Second, in the target study we created gene expression using 300 individuals randomly selected from the Geuvadis project with the same set of selected SNPs, but calculated the effect as β = γ × θ + b, with b having a normal distribution with a mean zero and a variance τ. Two independent covariates were also generated (i.e., X1 is binary and X2 is continuous) in both target and auxiliary samples, each having an effect of 0.50. To evaluate type I error control, we set θ = 0 and τ = 0 with 105 replications. To evaluate power, we specified θ = 0, 0.1, 0.2, 0.3 or 0.4, and τ = 0, 0.02 or 0.04 (with at least one of θ and τ being non-zero) with 103 replications.

To assess the performance of power of TLegene when there existed obvious differences in the sample sizes of the auxiliary and target studies, we performed our simulations with 400 randomly selected individuals from the 1000 Genomes Project as the auxiliary samples and 100 randomly selected individuals from the Geuvadis project as the target samples. We also conducted our simulations with 100 randomly selected individuals from the 1000 Genomes Project as the auxiliary samples and 400 randomly selected individuals from the Geuvadis project as the target samples. Other simulation settings were analogous to those as done before, but only θ = 0.3 or/and τ = 0.04 were considered.

Real data applications

TCGA datasets and quality control

We applied TLegene to multiple TCGA cancers to identify eGenes in various tumor tissues. We only focused on cancers for which there existed an explicit tissue available from GTEx [18]; thus, TCGA was our target study and GTEx was our auxiliary study. To avoid the influence of ethnic heterogeneity, we only contained patients of European ancestry. We selected several clinical covariates such as age, gender as well as the tumor pathological stage (Table 1), because these variables could be obtained for the majority of TCGA patients [20, 43,44,45]. We would choose the clinical stage when the tumor pathological stage was unavailable for some tumors (e.g., OV). For each cancer we only retained samples of primary tumor tissues, and imputed missing values via the multivariate imputation by chained equation method. For genotypes of each tumor in TCGA, we performed quality control and imputation, with the details described elsewhere [20, 46]. The sample size ranged from 75 for ACC to 455 for OV, and the number of SNPs ranged from 1,373,814 for OV to 4,592,516 for ACC.

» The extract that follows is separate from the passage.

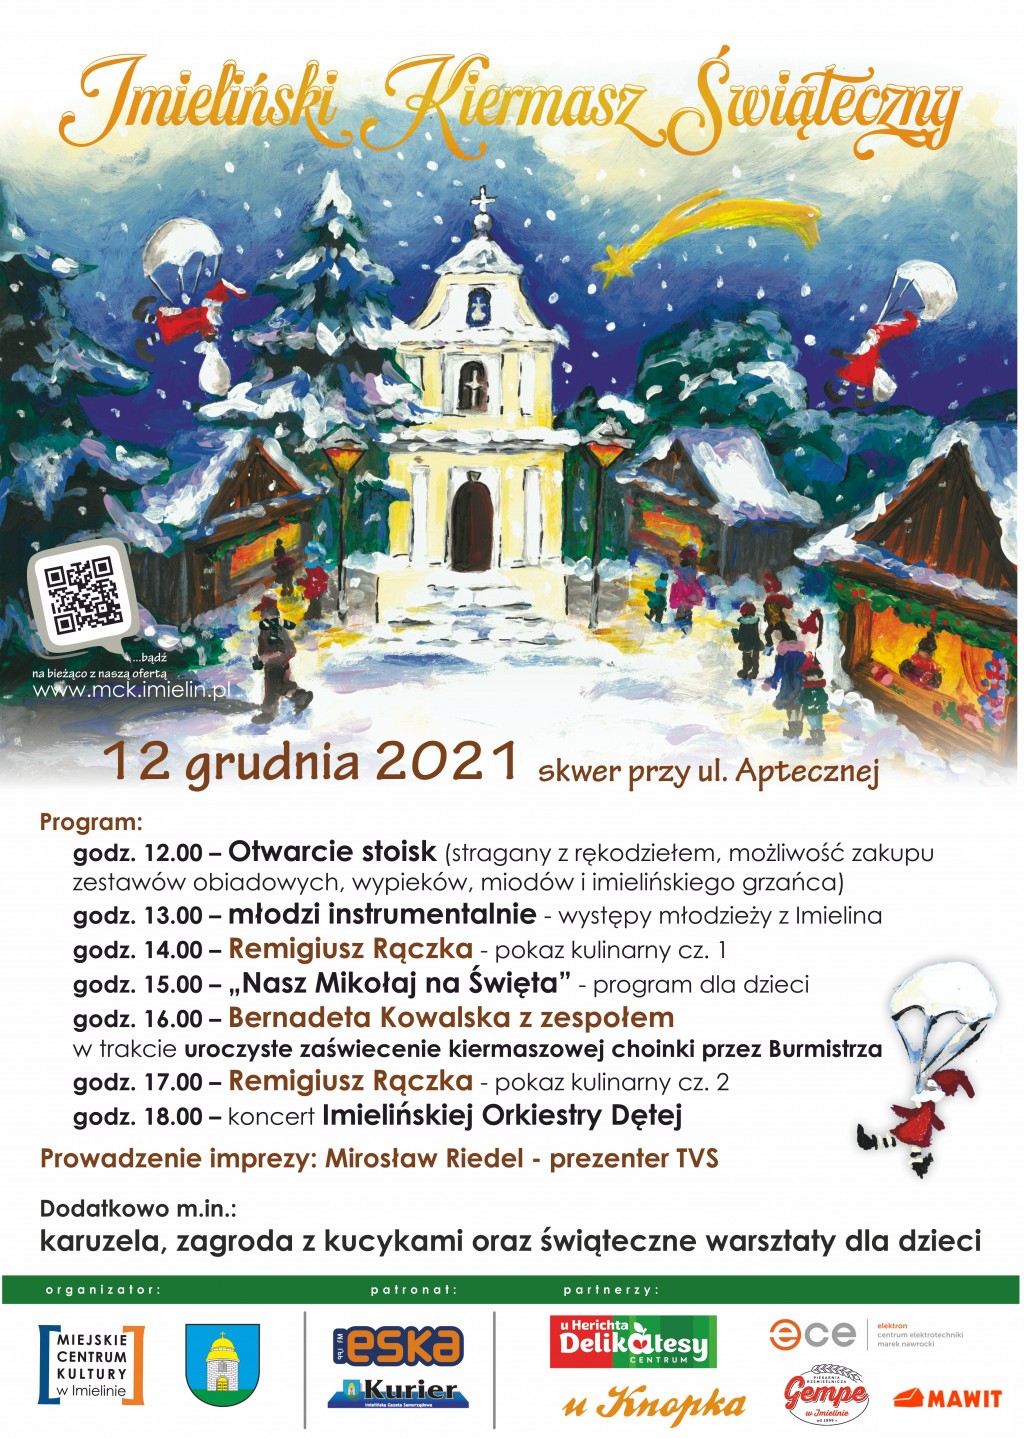 Imieliński Kiermasz Świąteczny 12 grudnia (niedziela) godz. 12:00-18:00

GTEx summary statistics and the alignment with TCGA

For each cancer, we obtained summary statistics data of the related tissue from GTEx (version 7) [18]. The sample size ranged from 101 for uterus to 383 for lung, and the number of SNPs ranged from 8,700,105 for liver to 8,886,529 for adrenal gland. Then, we carried out stringent quality control (Table 1): (i) reserved SNPs with MAF > 0.05; (ii) excluded non-biallelic SNPs and those with strand-ambiguous alleles; (iii) excluded SNPs without rs ID or removed duplicated variants; (iv) removed SNPs not in the TCGA; (v) removed SNPs whose alleles did not match those in TCGA; (vi) aligned the effect allele of SNP between TCGA and GTEx. Finally, the sample size ranged from 75 for ACC to 455 for OV, the number of shared SNPs ranged from 1,373,814 for OV to 4,592,516 for ACC, and the final number of genes included ranged from 4236 for BRCA to 6897 for ACC. The details of used datasets are described in Table 1.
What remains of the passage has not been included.